*** Data for the task ***

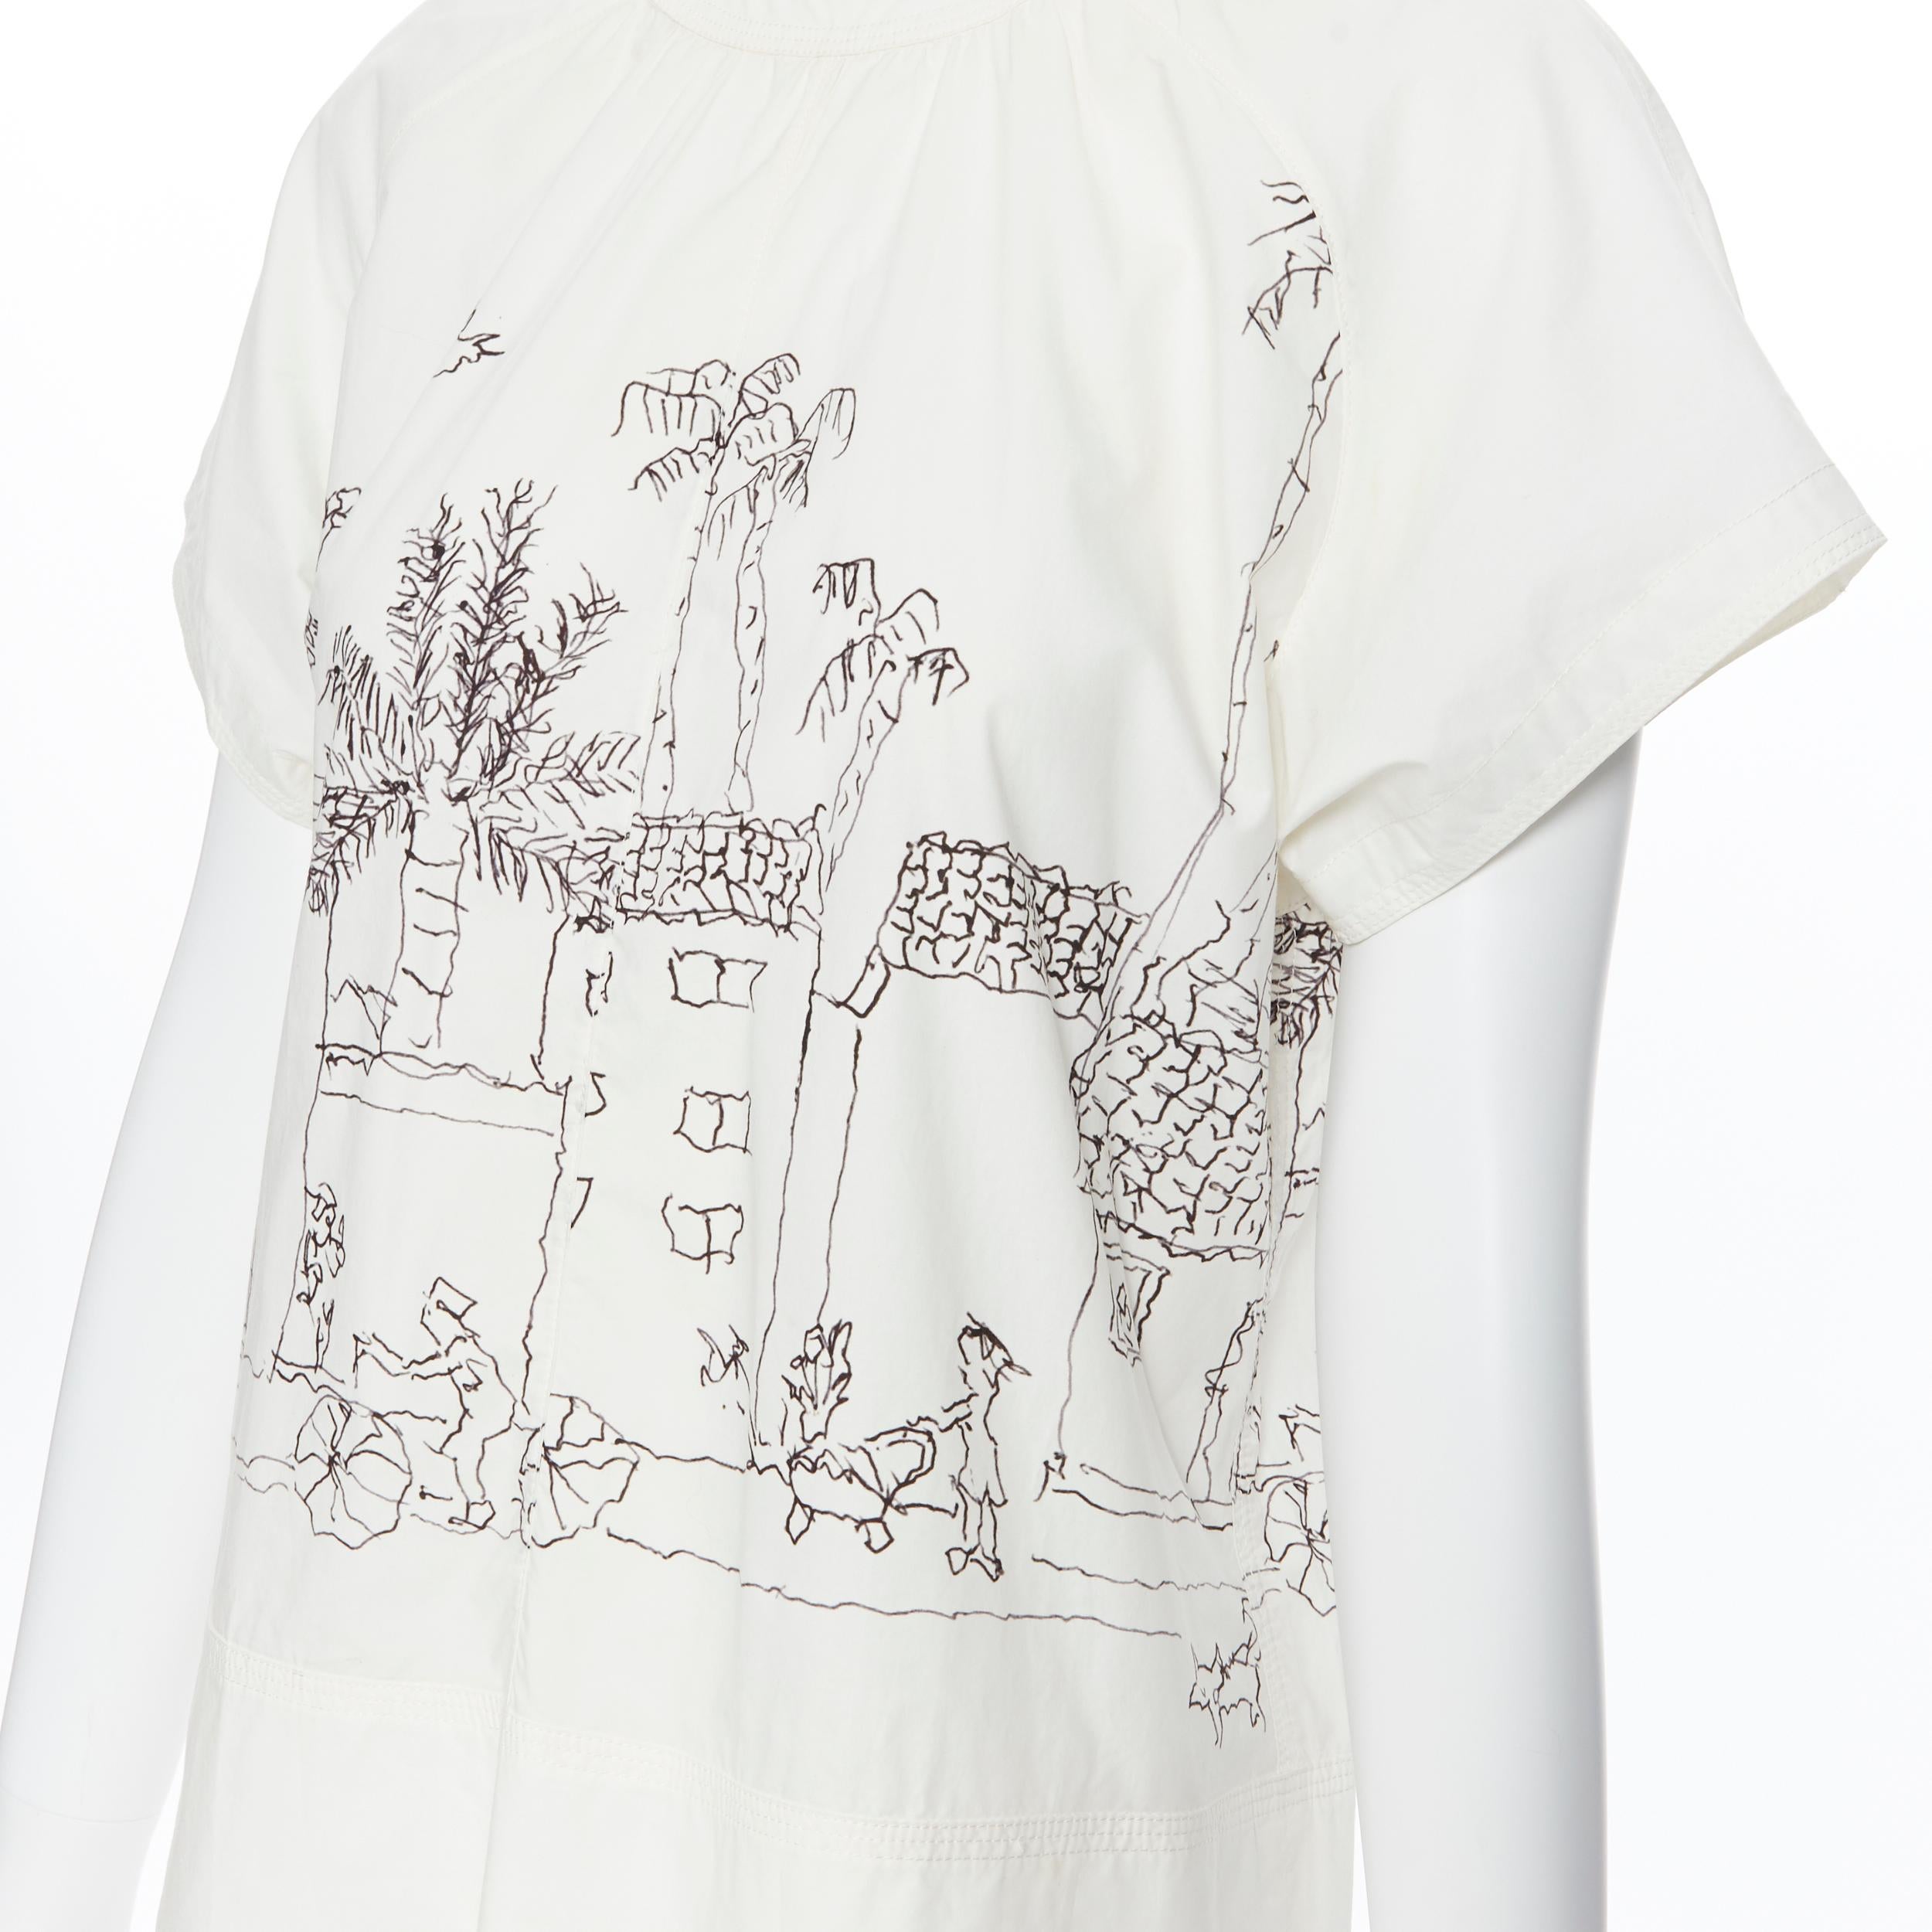 MARNI MARIA MAGDELENA SUAREZ artist illustration print white cotton top IT42
Brand: Marni
Model Name / Style: Printed top
Material: Cotton
Color: White
Pattern: Abstract
Closure: Zip
Extra Detail: Limited edition print.
Made in: Italy

CONDITION:

*** End of Data for the task ***

Problem statement ▸
Print only these lines, exactly: the one containing "Pattern: Abstract" and all after it to the end of the entries.

Solution ▸
Pattern: Abstract
Closure: Zip
Extra Detail: Limited edition print.
Made in: Italy

CONDITION:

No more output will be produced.